Output, word for word, the lines of this listing that fall between the line with "Pyrex #0502 Vintage" and the line with "5b6ae79a19c ECCO Winter", counting both of those lines, and no others.

===== Supplied material

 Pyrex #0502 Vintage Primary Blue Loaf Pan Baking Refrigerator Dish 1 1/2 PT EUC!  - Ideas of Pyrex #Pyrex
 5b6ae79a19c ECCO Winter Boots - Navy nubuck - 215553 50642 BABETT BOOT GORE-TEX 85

==========
===== Supplied material

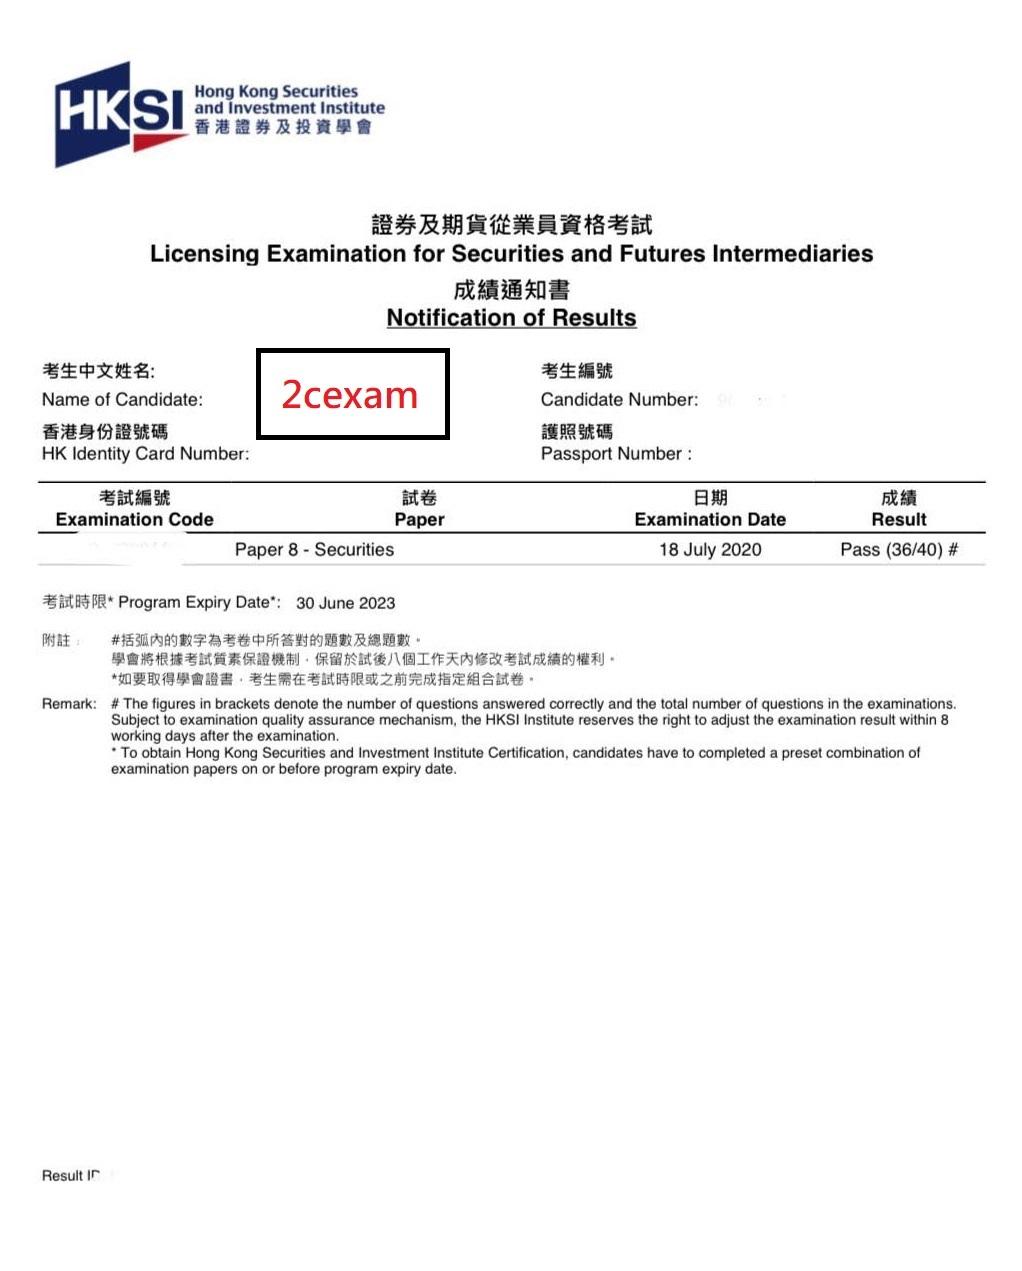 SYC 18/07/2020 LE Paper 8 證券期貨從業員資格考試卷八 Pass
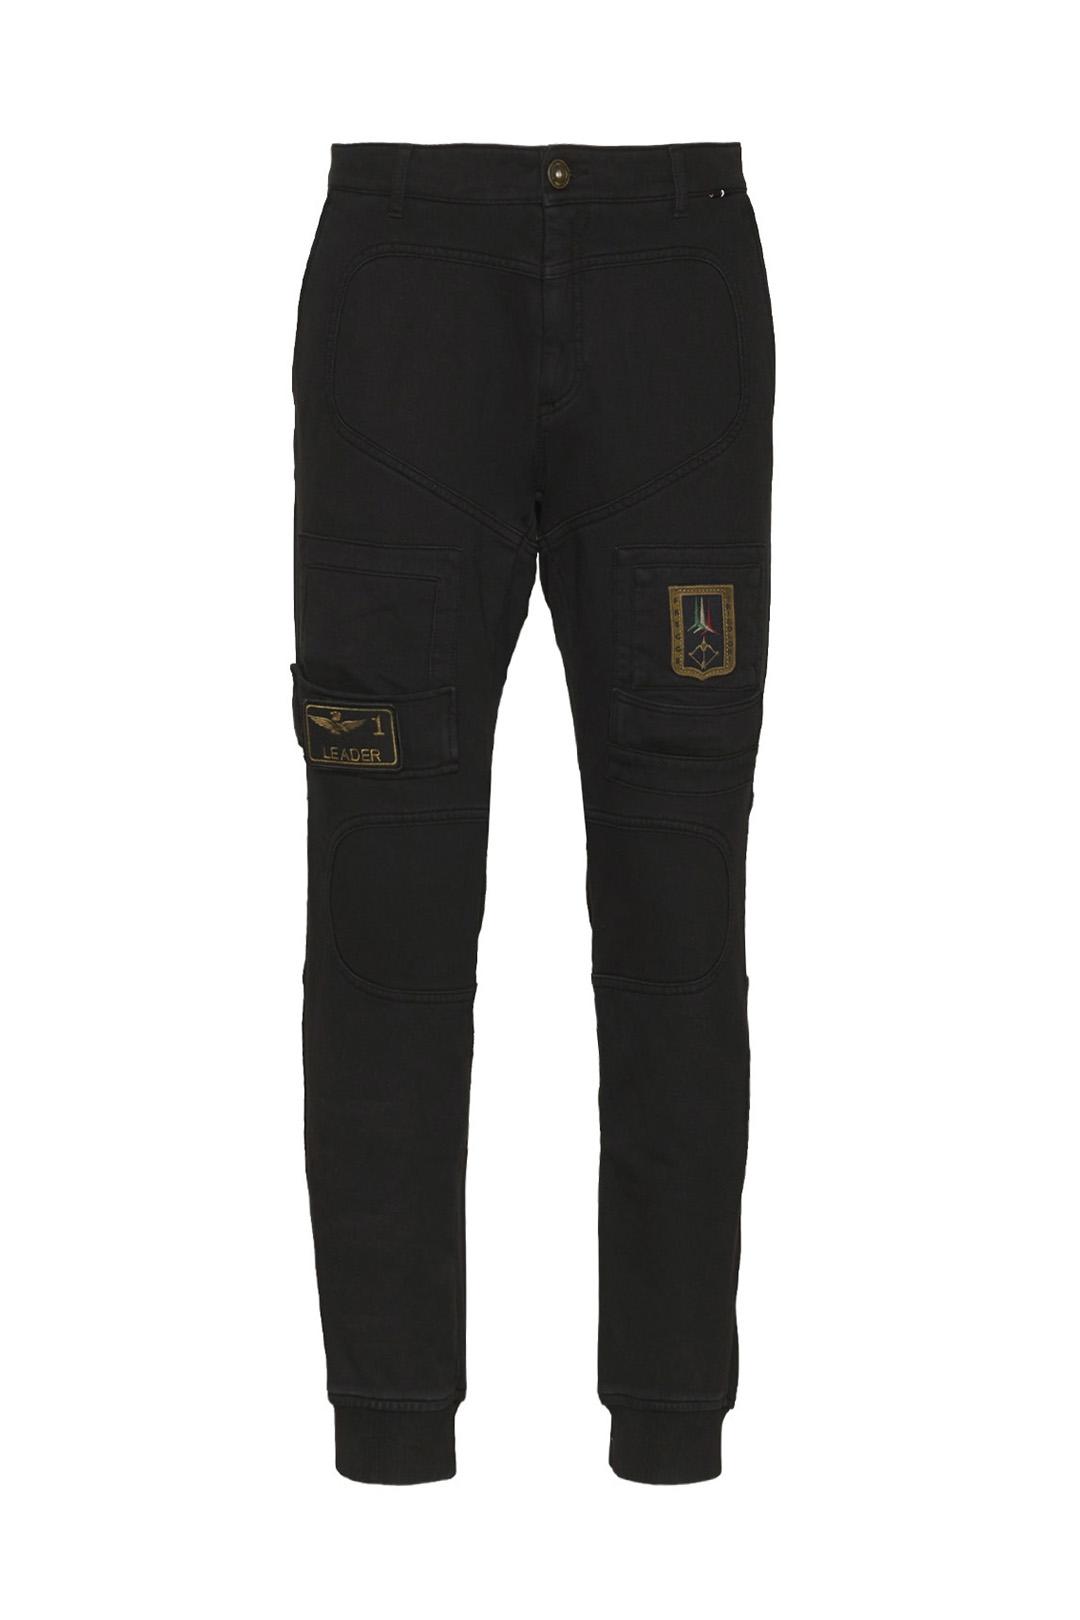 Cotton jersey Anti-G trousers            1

==========

Task answer
 Pyrex #0502 Vintage Primary Blue Loaf Pan Baking Refrigerator Dish 1 1/2 PT EUC!  - Ideas of Pyrex #Pyrex
 5b6ae79a19c ECCO Winter Boots - Navy nubuck - 215553 50642 BABETT BOOT GORE-TEX 85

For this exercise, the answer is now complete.